This is a more complicated question than it may appear, and these remarks don’t aim to do more than touch on the relevant issues. But, trivially, for our belief and practice to be evidence-based is for our beliefs and practices to be oriented to, and ‘checkable by’, the way things are in the world. In evidence-based belief and practice, we grant authority to empirical evidence to legitimise or de-legitimise our beliefs and practices. And, further, we evaluate this evidence itself by sets of rationally and empirically justifiable criteria, to evaluate which evidence counts as good evidence and warrants such authority, and which does not.

This granting of authority to specific types of event or entity – ’empirical evidence’ – is a social practice. Authority – on the Brandomian pragmatist metatheoretical approach I endorse – is created and granted by sapient entities’ social practices. We grant a specific social status to specific kinds of non-human things (pieces of evidence), such that these non-human things can possess social authority within human discourse. Once authority has been granted in this way, it cannot – again, as a matter of social practice – necessarily be easily revoked; this is one reason why, on a Brandomian account, the authority of evidence can go against all human preferences or authority-decisions, even when authority has its source only in human action.

In the ‘analytic’ philosophical tradition – as, often elsewhere – there is a tendency to assimilate the evidence-based responsiveness of the typical sapient organism reacting to environmental stimuli (the phenomenon of experience, or perception) to the formalised truth-seeking investigatory practices of the modern sciences. Willard van Orman Quine puts the point as follows:

The scientist is indistinguishable from the common man in his sense of evidence, except that the scientist is more careful.

I disagree with this assimilation: I think that the belief-forming practices of scientific investigation are quite socially and historically specific, and should not be seen as the extension, or fuller realisation, of more mundane and broadly-engaged-in practices of everyday empirical observation. Science cannot be defended on those grounds; it must be defended in its social and historical idiosyncrasy.

I believe this defence is a worthy one; I am an advocate for scientific practice.

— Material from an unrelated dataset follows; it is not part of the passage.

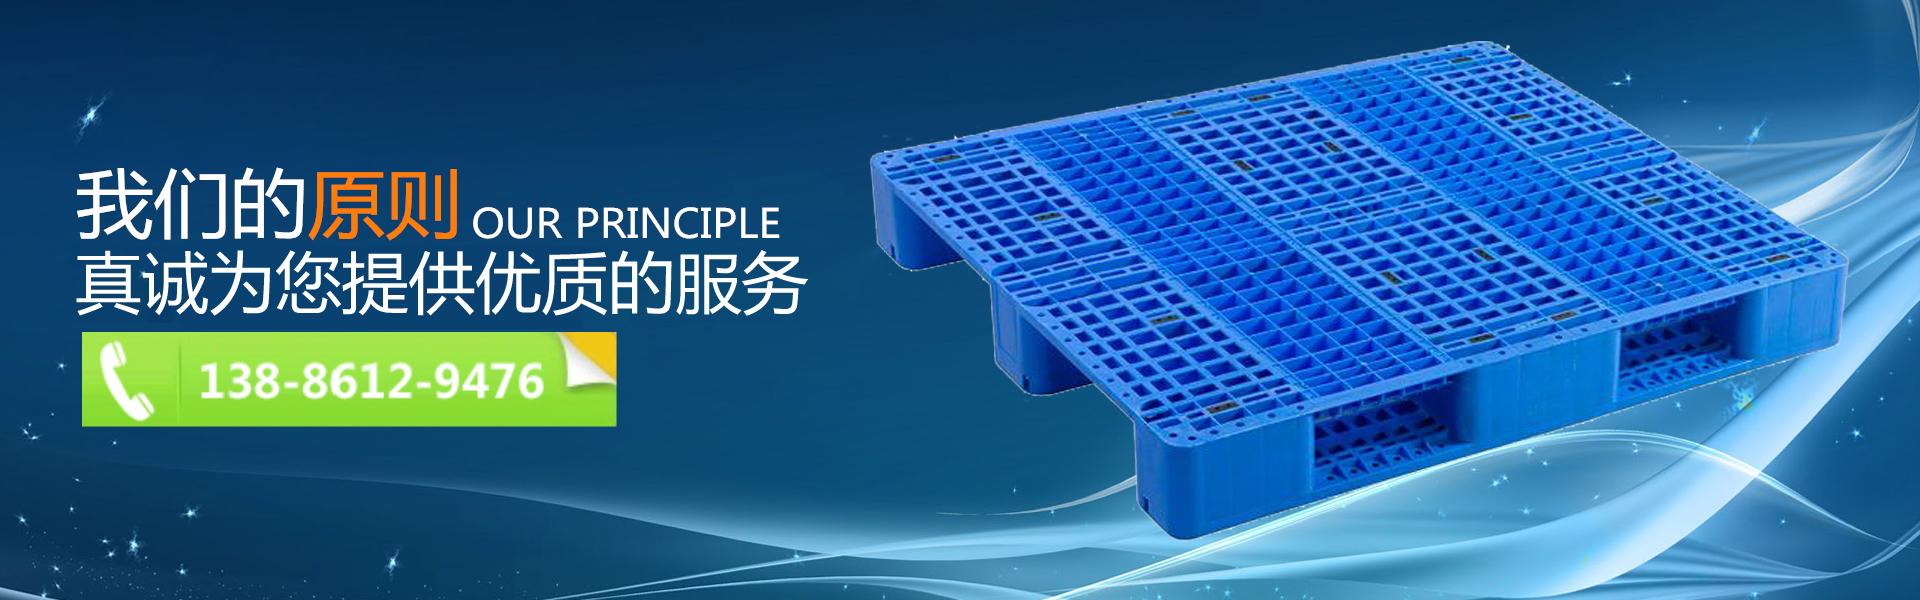 瑞美佳網站大圖-武漢塑料托盤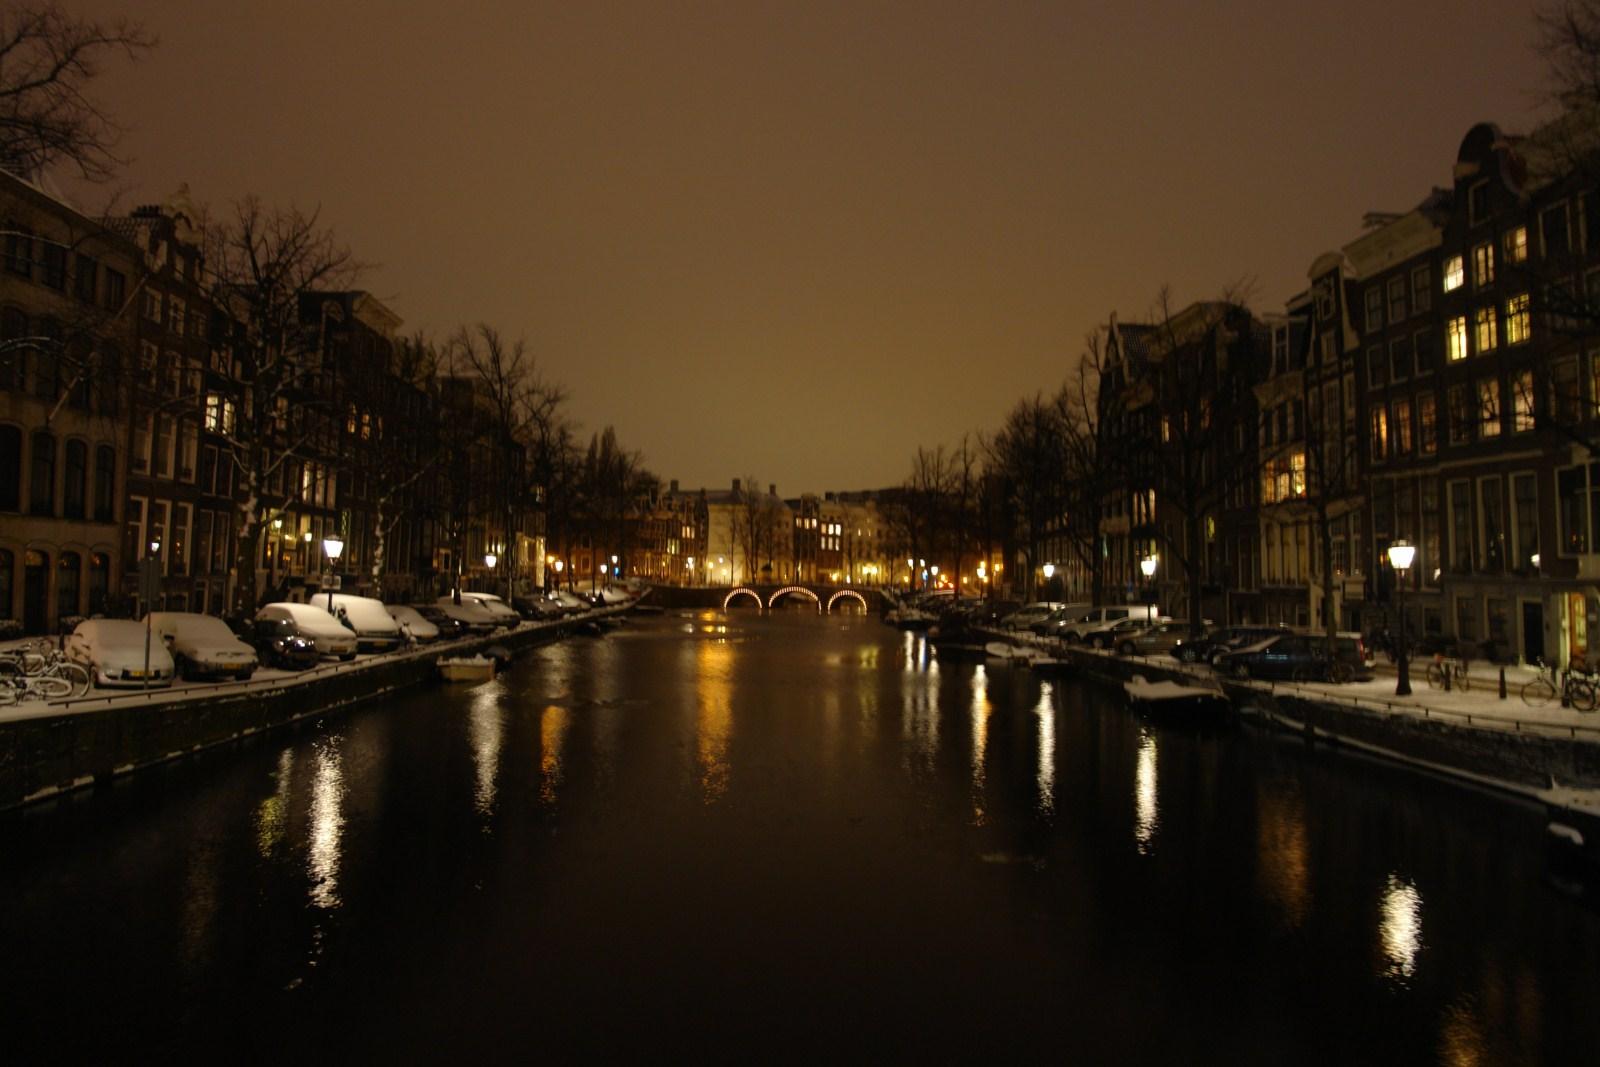 """Nevada y tranquila noche por los canales de la ciudad de Amsterdam intentando volar con """"marihuana airlines"""" desde amsterdam - 5252146896 d4835e5ca1 o - Intentando volar con """"Marihuana Airlines"""" desde Amsterdam"""

But engaging in this metatheoretical defence of science involves steering between two, opposing, flawed accounts.

On the one hand, if we understand science as through-and-through a social practice like any other, there is a temptation to see this perspective as robbing science of its authority (rather than as explicating the nature of its authority); this approach can therefore often lead theorists into a relativism that regards our choice of the scientific approach as arbitrary or unjustified. In classical social theory, this perspective is perhaps best expressed by Max Weber’s movingly pessimistic reflections in Science as a Vocation, where Weber’s own commitment to the social scientific endeavour is presented as an ultimately irrational obedience to a demon “who holds the fibers of his very life.” In more recent social theory, a similar perspective is conveyed well by the Edinburgh strong programme’s conviction that the social-scientific analysis of scientific practice leads, inevitably and correctly, to relativism.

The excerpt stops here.